Vaz moved out of Goa at the age of 18 in early 1930s to pursue his English studies at the university level. As a young college student he admired the country's foremost leaders, Mahatma Gandhi and Pandit Jawaharlal Nehru. He was one of the thousands gathered at the Belgaum Congress Session of 1924. After Mahatma Gandhi's Assassination in 1948, Vaz visited Sabarmati Ashram at Ahmedabad and Sevagram near Nagpur. He also visited Nehru when he was imprisoned by the British rulers at the fort in Ahmednagar during India's freedom struggle.

===Writing===
Vaz first co-authored and edited the book titled "Yoga Today" with Dr. Jayadeva Yogendra of The Yoga Institute that was published in 1971. His next book was an adaption of classical yoga to christian spirituality titled "Maranatha Oriental Methods of Prayer and Meditation" which was first issued in 1990 by St. Pauls, Bandra, Bombay, and later in August 1994 by St. Pauls, Homebush, New South Wales, Australia. Three years later he published "Profiles of Eminent Goans, Past and Present" in 1997, a reprint version was released posthumously in the year 2016.

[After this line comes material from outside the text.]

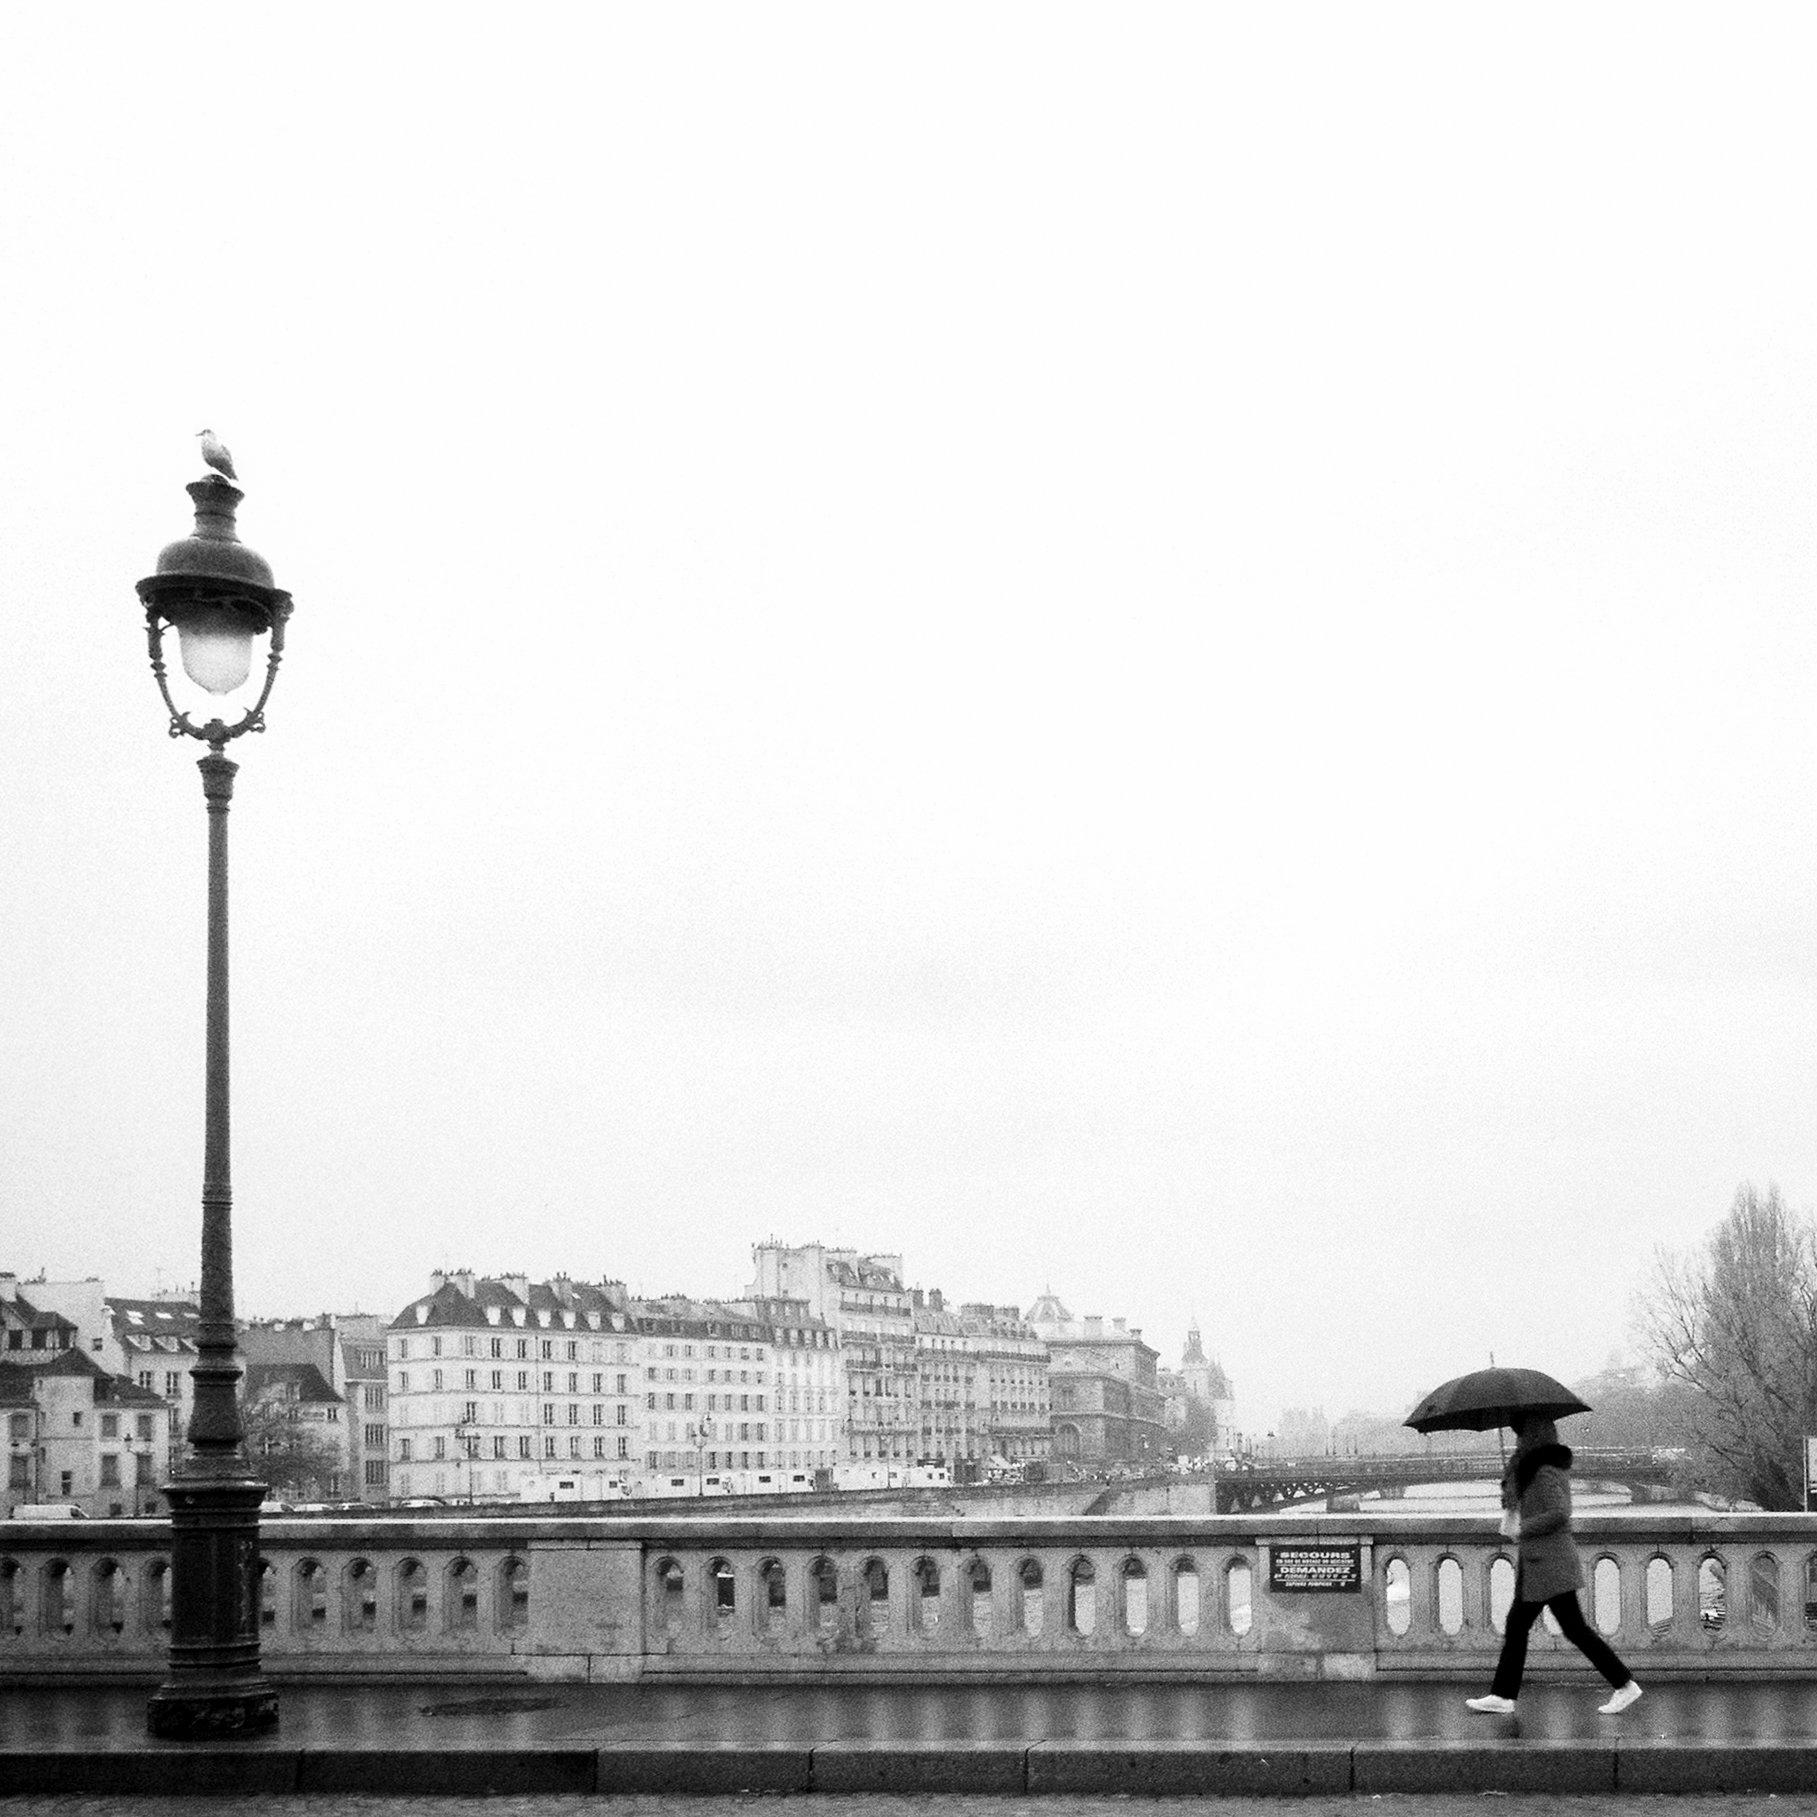 Paris Hasselblad B&W-0008.jpg

Vaz was also featured in a number of publications like Role of Religions in National Integration (1984), Your Health (1973), Dilip (1977), Religions and Man (1981), and Journal of Dharma (1982).

===Religious work===
Over the years Vaz conducted various courses in India, Italy, Germany and Portugal to showcase "conscious controlled breathing with a righteous inspiration can lead to a close affinity with God". For a period of ten years, from 1975 to 1985, he was involved in encouraging inter-religious understanding in Bombay and somewhere else in assistance with Rev. Aelred Pereira S.J. and Rev. Albert Nambiaparambil C.M.I.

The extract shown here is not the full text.